Exercise aim |
Look through the data below and extract, unchanged, the lines from the one that contains "Cristiano Ronaldo FIFA 19 cover" to the one that contains "Men's jogger pants - FIT - 223T tall", both included.

(Saved entries)
▼

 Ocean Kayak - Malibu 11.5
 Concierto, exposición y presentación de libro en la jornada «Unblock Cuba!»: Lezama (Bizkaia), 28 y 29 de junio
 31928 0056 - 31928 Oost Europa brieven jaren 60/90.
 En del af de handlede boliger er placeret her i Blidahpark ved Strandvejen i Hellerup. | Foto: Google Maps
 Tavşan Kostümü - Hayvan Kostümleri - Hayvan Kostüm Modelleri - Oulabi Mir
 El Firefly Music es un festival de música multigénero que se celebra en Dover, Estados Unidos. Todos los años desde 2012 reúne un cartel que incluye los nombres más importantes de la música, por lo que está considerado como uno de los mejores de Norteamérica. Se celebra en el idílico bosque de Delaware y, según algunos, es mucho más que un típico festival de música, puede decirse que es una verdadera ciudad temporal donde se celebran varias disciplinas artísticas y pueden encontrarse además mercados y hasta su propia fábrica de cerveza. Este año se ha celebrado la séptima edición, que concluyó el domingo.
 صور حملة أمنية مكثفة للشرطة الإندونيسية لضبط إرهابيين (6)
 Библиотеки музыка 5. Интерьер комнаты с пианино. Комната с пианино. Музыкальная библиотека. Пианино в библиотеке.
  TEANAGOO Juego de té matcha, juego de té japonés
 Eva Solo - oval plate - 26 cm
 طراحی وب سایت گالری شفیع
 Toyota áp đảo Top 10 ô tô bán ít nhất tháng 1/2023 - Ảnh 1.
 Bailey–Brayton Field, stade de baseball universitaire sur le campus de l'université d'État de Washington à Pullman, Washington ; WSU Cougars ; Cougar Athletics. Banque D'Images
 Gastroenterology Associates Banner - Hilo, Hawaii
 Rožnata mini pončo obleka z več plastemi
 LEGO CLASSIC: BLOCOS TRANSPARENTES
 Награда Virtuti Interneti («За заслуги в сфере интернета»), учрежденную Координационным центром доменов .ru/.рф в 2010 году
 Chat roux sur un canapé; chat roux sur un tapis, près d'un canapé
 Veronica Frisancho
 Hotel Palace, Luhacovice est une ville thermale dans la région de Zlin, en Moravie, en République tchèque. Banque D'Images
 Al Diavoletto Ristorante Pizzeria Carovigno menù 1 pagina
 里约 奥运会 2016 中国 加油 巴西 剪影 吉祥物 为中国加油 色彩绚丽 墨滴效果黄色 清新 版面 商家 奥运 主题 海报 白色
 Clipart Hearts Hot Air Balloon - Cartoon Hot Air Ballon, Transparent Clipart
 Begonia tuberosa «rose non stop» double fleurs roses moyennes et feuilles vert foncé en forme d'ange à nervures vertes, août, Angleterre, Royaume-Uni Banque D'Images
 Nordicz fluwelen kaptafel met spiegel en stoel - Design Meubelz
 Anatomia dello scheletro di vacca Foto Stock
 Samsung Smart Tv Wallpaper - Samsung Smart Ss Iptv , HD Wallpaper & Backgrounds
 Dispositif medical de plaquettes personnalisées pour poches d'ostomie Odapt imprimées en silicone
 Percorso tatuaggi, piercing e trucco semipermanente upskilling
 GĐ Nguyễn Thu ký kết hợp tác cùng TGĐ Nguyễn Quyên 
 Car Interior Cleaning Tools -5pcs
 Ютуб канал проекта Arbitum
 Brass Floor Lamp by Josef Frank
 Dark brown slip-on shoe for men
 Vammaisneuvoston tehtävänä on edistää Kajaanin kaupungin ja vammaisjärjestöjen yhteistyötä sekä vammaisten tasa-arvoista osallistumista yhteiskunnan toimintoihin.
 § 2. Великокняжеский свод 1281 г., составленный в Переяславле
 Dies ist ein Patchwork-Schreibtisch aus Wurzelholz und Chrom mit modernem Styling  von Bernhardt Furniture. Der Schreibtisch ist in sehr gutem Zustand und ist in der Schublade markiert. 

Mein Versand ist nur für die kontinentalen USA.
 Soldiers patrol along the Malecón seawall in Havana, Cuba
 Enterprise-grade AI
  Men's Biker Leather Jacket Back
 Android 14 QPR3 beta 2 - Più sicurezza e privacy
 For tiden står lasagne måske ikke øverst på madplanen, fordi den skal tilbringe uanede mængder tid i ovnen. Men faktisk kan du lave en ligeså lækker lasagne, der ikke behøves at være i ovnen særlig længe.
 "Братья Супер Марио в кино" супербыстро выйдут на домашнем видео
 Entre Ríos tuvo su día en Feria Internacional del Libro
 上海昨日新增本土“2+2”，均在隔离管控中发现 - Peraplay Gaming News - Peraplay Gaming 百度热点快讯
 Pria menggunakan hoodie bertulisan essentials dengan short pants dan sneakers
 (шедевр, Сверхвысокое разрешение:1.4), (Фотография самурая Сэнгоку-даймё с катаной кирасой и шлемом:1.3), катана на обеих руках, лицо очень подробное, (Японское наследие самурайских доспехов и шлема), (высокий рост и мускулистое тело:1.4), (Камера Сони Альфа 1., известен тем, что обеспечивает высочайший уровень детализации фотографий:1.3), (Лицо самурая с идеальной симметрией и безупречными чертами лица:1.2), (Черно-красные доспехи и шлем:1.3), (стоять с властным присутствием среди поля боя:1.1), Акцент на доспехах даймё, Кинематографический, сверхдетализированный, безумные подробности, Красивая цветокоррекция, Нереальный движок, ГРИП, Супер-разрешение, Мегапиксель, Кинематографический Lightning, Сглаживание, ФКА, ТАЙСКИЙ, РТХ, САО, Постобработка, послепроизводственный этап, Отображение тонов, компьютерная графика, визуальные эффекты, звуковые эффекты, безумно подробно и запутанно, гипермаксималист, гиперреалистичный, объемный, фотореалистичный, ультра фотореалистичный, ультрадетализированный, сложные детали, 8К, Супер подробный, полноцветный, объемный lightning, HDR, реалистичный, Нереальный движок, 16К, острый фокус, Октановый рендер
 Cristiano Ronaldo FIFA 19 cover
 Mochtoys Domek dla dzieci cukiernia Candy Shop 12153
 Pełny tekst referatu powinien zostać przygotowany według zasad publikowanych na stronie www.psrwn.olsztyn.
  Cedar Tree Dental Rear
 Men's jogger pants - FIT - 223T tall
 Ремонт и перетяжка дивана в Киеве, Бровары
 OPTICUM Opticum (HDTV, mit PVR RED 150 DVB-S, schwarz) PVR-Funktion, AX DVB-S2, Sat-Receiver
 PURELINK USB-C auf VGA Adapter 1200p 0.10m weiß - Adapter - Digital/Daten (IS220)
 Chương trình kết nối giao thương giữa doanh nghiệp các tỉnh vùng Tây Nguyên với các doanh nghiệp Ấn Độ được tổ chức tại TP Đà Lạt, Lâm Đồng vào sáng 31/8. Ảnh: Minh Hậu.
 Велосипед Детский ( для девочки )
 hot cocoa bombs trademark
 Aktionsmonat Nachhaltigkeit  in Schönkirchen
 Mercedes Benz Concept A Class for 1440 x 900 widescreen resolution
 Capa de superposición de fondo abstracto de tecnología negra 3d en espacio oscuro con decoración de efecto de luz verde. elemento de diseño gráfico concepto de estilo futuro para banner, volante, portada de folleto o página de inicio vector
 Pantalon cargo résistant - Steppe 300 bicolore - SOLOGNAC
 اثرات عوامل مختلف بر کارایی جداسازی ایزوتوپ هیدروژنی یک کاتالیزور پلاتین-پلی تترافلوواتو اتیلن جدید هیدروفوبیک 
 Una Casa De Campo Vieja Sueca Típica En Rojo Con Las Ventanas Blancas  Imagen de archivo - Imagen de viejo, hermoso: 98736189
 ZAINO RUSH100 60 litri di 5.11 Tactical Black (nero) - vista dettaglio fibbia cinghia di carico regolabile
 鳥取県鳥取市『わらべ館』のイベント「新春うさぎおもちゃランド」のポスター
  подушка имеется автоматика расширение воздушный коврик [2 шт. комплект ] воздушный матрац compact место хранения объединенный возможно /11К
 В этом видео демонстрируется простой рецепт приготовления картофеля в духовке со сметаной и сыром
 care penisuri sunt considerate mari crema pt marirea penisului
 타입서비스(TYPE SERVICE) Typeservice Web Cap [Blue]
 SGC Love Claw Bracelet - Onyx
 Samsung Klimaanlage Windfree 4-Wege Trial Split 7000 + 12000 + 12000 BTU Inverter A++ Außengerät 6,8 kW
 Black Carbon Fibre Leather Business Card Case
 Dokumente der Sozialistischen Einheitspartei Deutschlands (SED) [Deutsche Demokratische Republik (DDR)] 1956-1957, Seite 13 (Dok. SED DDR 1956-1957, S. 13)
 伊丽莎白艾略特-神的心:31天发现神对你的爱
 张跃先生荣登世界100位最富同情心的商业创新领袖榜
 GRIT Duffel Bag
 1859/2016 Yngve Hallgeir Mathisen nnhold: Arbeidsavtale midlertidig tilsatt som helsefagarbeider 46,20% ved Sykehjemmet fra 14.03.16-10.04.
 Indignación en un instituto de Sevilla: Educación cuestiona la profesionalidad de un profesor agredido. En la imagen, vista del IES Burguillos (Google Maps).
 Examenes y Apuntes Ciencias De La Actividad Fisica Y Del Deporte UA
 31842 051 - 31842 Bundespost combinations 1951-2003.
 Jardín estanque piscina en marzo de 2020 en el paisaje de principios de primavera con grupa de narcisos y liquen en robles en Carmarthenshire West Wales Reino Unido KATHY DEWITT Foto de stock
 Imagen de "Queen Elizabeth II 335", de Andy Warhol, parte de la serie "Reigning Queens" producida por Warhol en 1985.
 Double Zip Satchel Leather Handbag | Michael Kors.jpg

▲

Solution to this exercise |
 Cristiano Ronaldo FIFA 19 cover
 Mochtoys Domek dla dzieci cukiernia Candy Shop 12153
 Pełny tekst referatu powinien zostać przygotowany według zasad publikowanych na stronie www.psrwn.olsztyn.
  Cedar Tree Dental Rear
 Men's jogger pants - FIT - 223T tall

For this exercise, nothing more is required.